[[ DATA PROVIDED open ]]

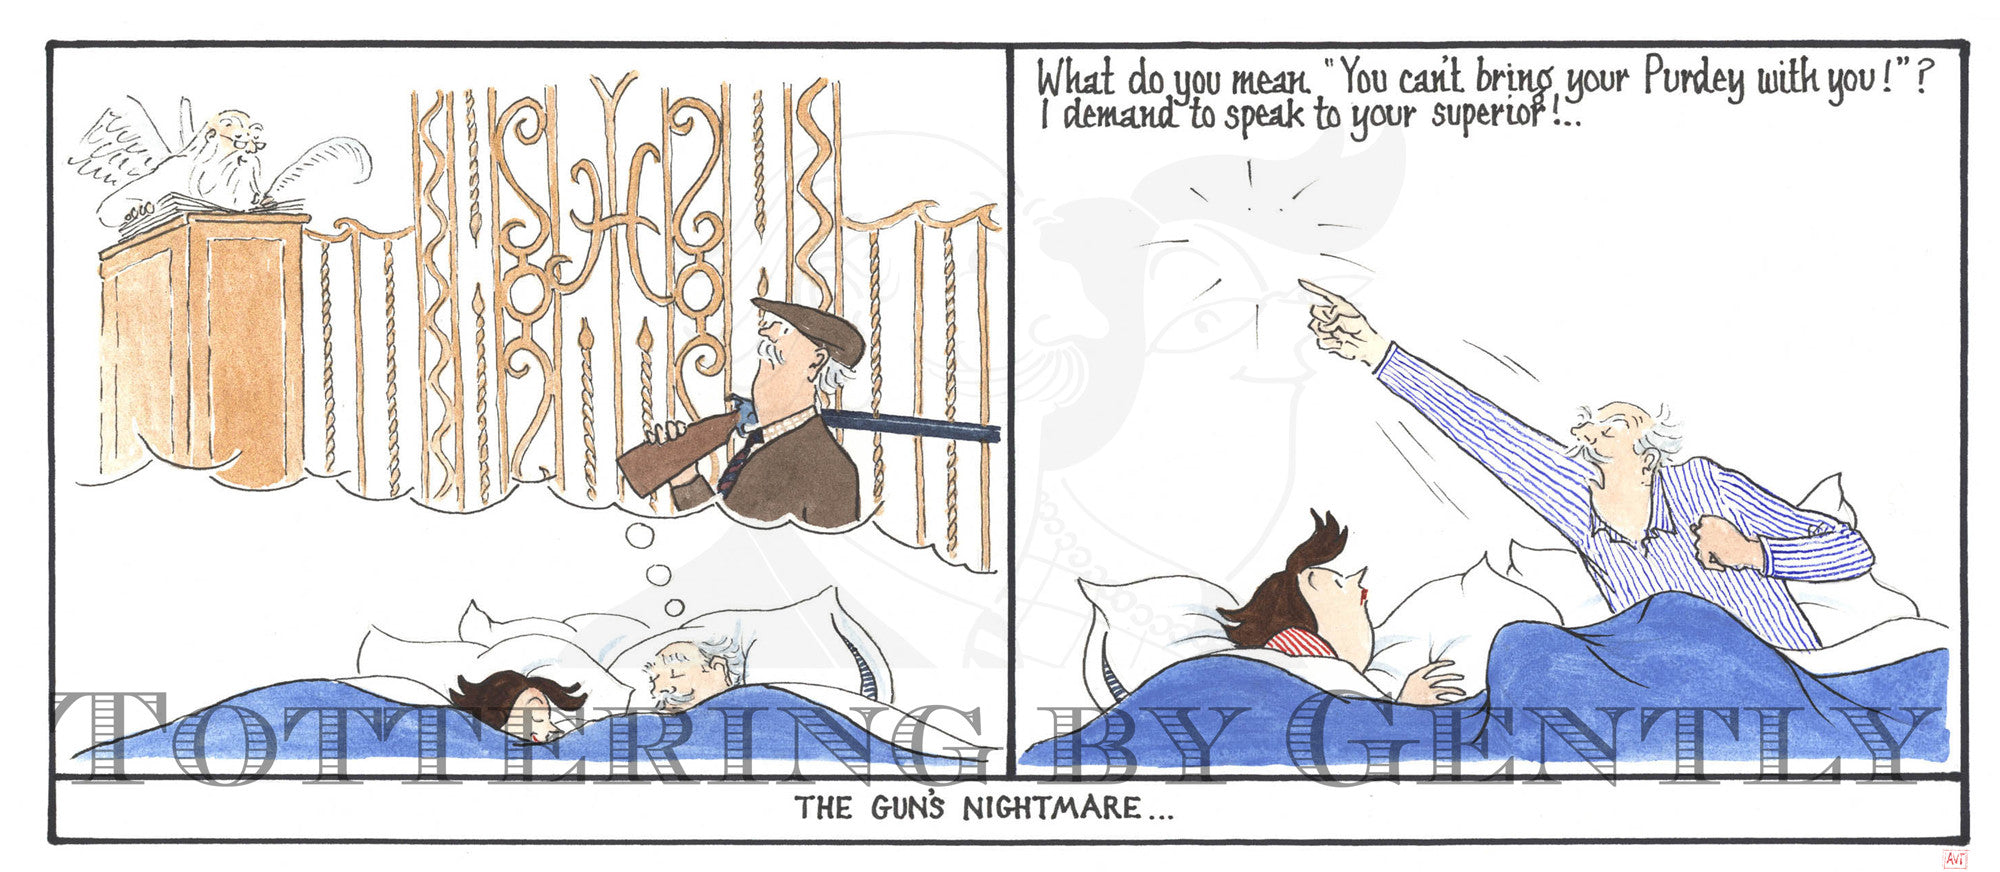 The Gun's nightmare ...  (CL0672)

[[ DATA PROVIDED closed ]]
[[ DATA PROVIDED open ]]

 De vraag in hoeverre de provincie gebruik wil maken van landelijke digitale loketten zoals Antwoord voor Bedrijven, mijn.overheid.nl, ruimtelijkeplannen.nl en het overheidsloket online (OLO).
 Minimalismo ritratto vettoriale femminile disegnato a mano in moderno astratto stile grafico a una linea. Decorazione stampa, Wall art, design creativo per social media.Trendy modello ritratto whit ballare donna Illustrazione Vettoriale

[[ DATA PROVIDED closed ]]
[[ DATA PROVIDED open ]]

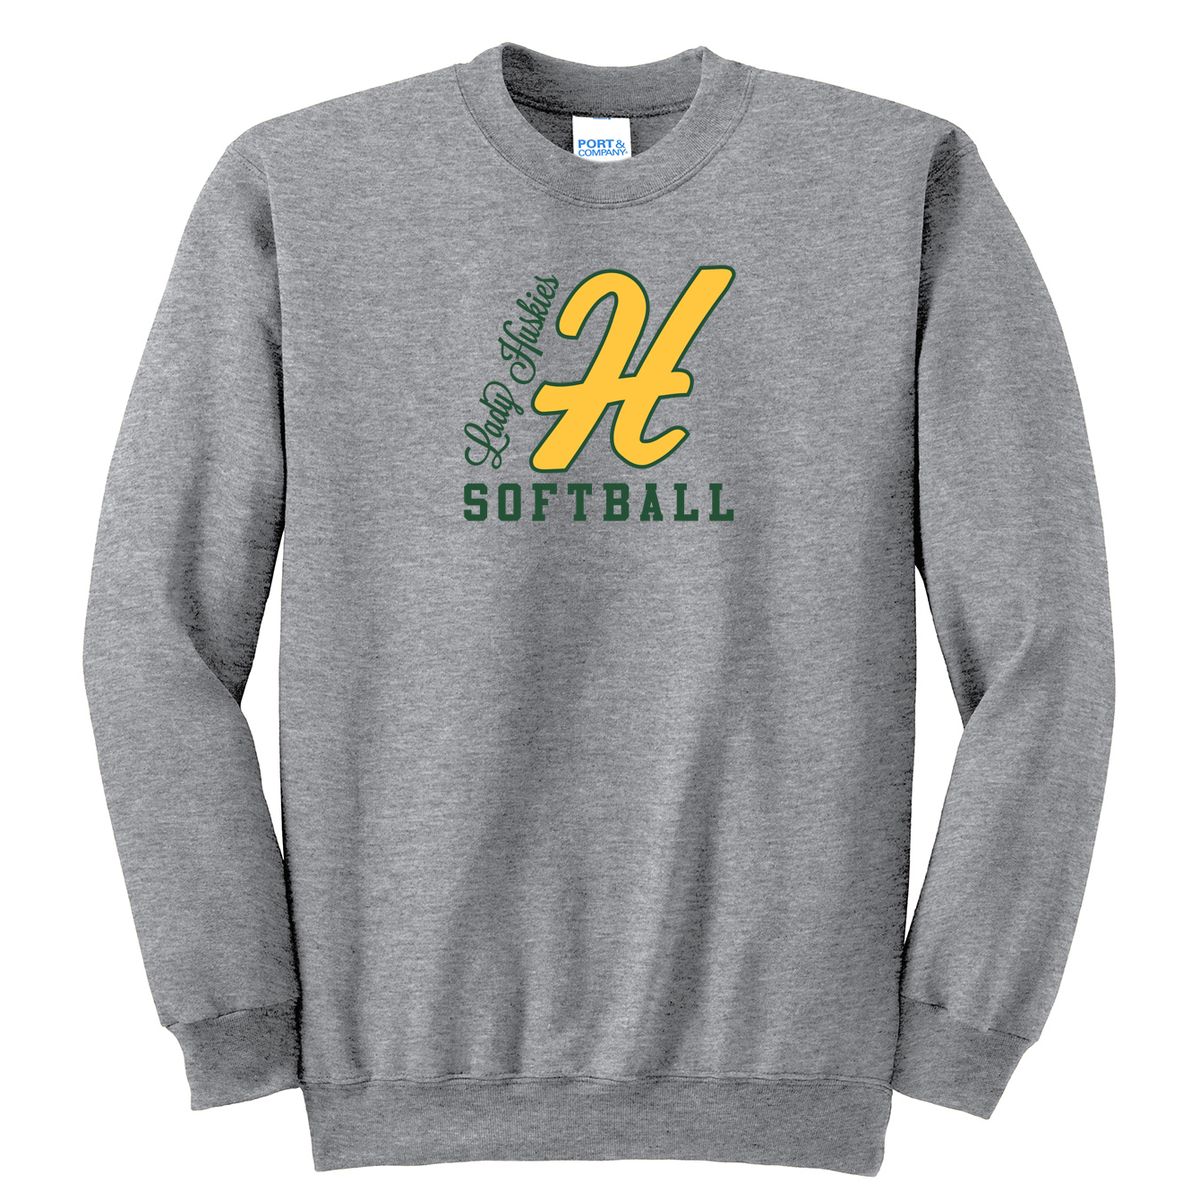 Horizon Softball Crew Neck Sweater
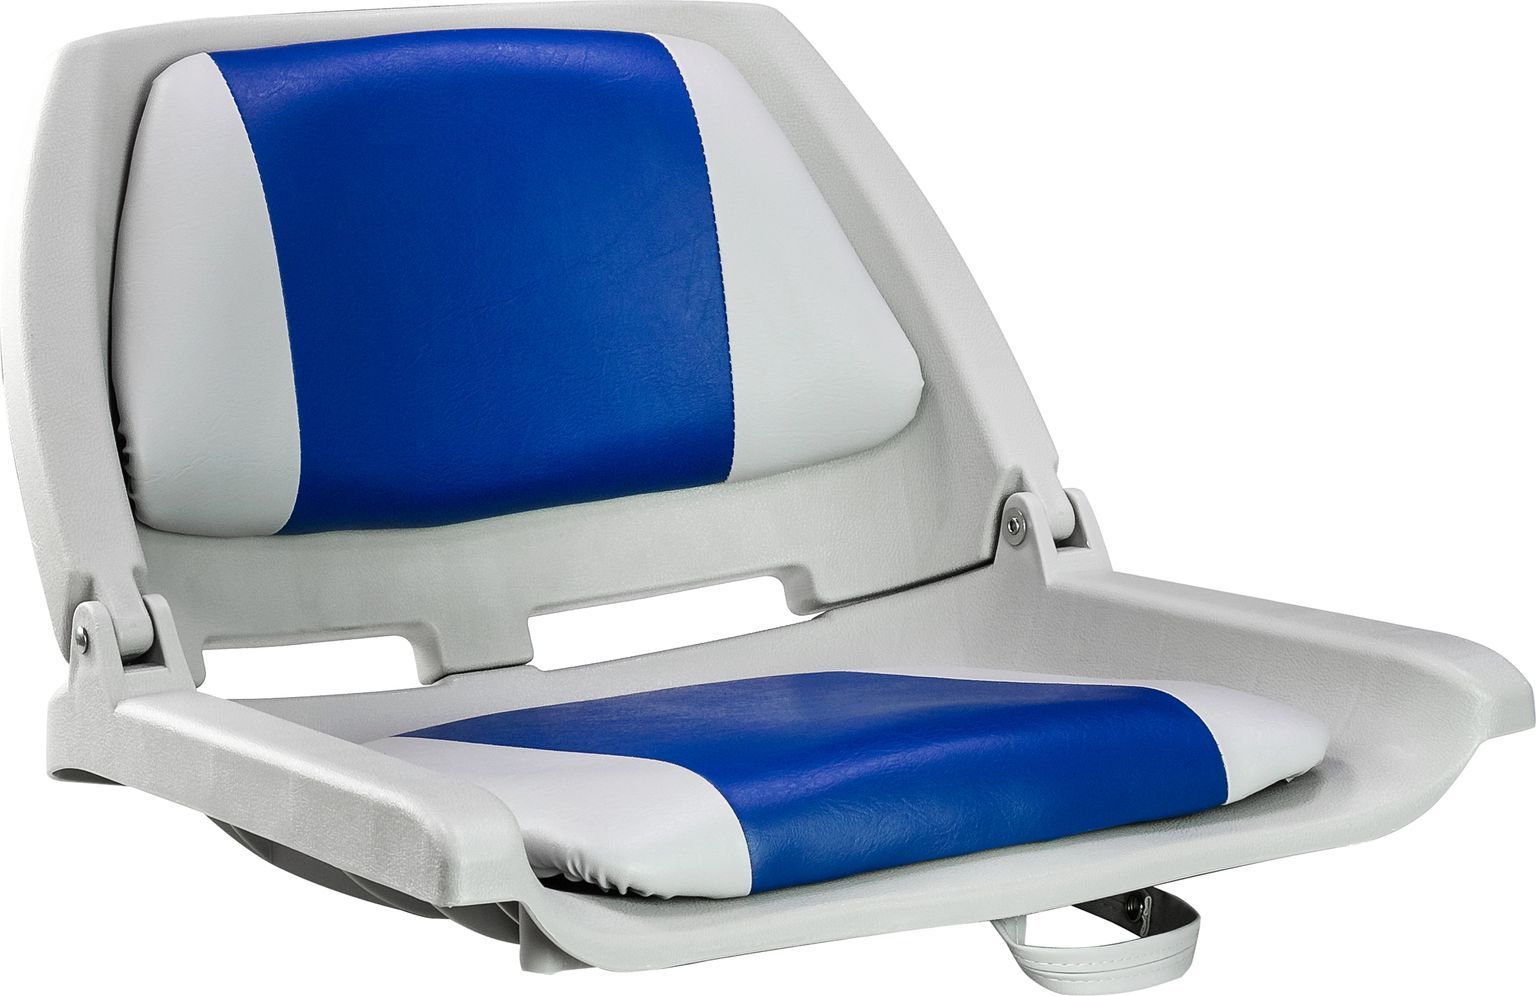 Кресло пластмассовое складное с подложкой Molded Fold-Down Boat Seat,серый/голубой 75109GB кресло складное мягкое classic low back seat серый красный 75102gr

[[ DATA PROVIDED closed ]]

### TASK PROMPT
Retype exactly, and only, the lines above from the one where "De vraag in" occurs up to and including the one where "Minimalismo ritratto vettoriale" occurs.

### RESULT FOR THIS EXERCISE
 De vraag in hoeverre de provincie gebruik wil maken van landelijke digitale loketten zoals Antwoord voor Bedrijven, mijn.overheid.nl, ruimtelijkeplannen.nl en het overheidsloket online (OLO).
 Minimalismo ritratto vettoriale femminile disegnato a mano in moderno astratto stile grafico a una linea. Decorazione stampa, Wall art, design creativo per social media.Trendy modello ritratto whit ballare donna Illustrazione Vettoriale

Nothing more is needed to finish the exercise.